IDEAS home Printed from https://ideas.repec.org/a/gam/jsusta/v13y2021i2p577-d477496.html
   My bibliography  Save this article

The Production of Biogenic Silica from Different South African Agricultural Residues through a Thermo-Chemical Treatment Method

Author

Listed:
  • Ncamisile Nondumiso Maseko

    (Discipline of Chemical Engineering, University of KwaZulu-Natal, 238 Mazisi Kunene Road, Glenwood, Durban 4041, South Africa)

  • Denise Schneider

    (3P Instruments GmbH & Co. KG, Rudolf-Diesel-Str. 12, 85235 Odelzhausen, Germany)

  • Susan Wassersleben

    (Institute of Chemical Technology, Universität Leipzig, Linnéstr. 3, 04103 Leipzig, Germany)

  • Dirk Enke

    (Discipline of Chemical Engineering, University of KwaZulu-Natal, 238 Mazisi Kunene Road, Glenwood, Durban 4041, South Africa
    Institute of Chemical Technology, Universität Leipzig, Linnéstr. 3, 04103 Leipzig, Germany)
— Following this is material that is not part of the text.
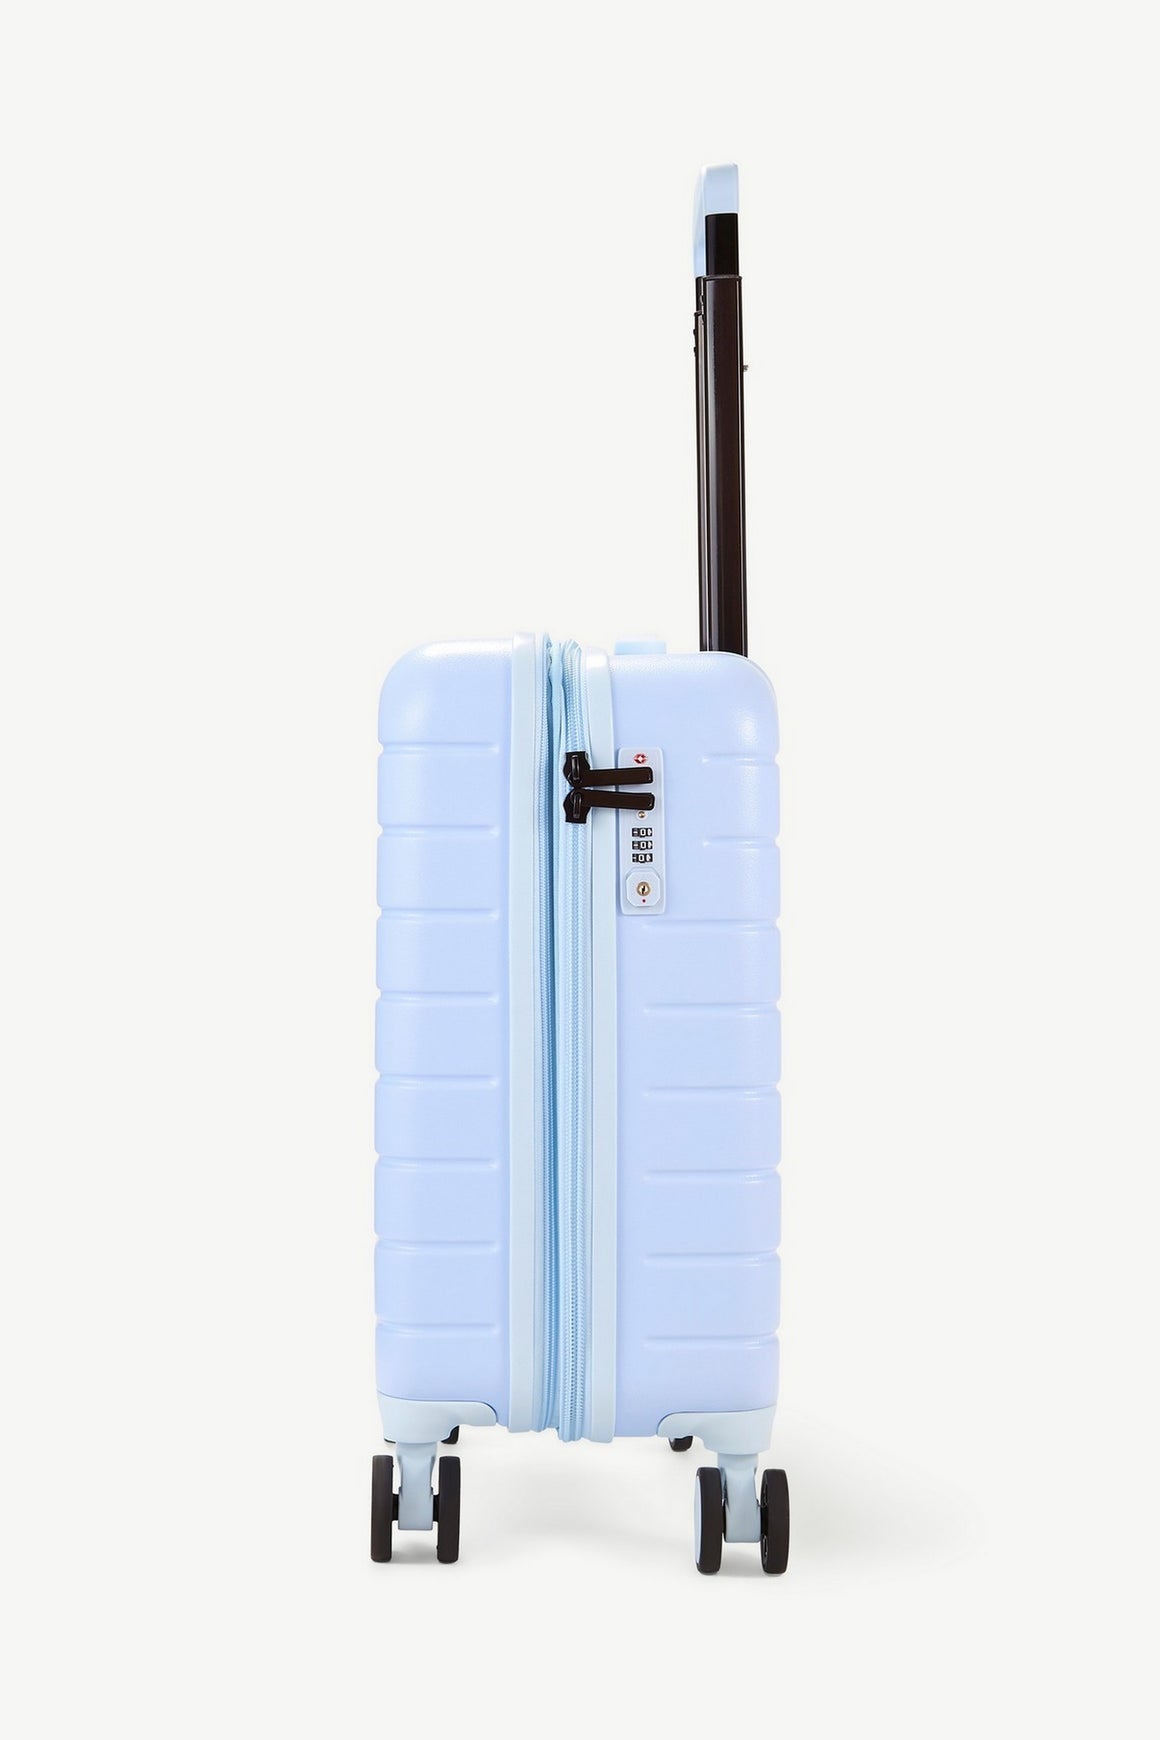 Novo Small Suitcase

  • Samuel Ayodele Iwarere

    (Department of Chemical Engineering, University of Pretoria, Lynnwood Road, Hatfield, Pretoria 0028, South Africa)

  • Jonathan Pocock

    (Discipline of Chemical Engineering, University of KwaZulu-Natal, 238 Mazisi Kunene Road, Glenwood, Durban 4041, South Africa)

  • Annegret Stark

    (Discipline of Chemical Engineering, University of KwaZulu-Natal, 238 Mazisi Kunene Road, Glenwood, Durban 4041, South Africa
    SMRI/NRF SARChI Research Chair in Sugarcane Biorefining, Durban 4001, South Africa)

Abstract

A thermo-chemical treatment method was used to produce biogenic amorphous silica from South African sugarcane and maize residues. Different fractions of South African sugarcane (leaves, pith, and fiber) were processed for silica production. The biomass samples were leached with either 7 wt% citric acid or 7 wt% sulfuric acid at 353 K for 2 h prior to being rinsed, dried and combusted using a four-step program ranging from room temperature to 873 K in a furnace. The characterization of the pre-treated biomass samples was conducted using thermogravimetric analysis (TG/DTA), X-ray fluorescence analysis (XRF) and elemental analysis (CHN), while the final products were characterized by XRF, X-ray diffraction (XRD), elemental analysis, nitrogen physisorption and scanning electron microscopy (SEM). Citric acid pre-treatment proved to be an attractive alternative to mineral acids. Amorphous biogenic silica was produced from sugarcane leaves in good quality (0.1 wt% residual carbon and up to 99.3 wt% silica content). The produced biogenic silica also had great textural properties such as a surface area of up to 323 m 2 g −1 , average pore diameter of 5.0 nm, and a pore volume of 0.41 cm 3 g −1 .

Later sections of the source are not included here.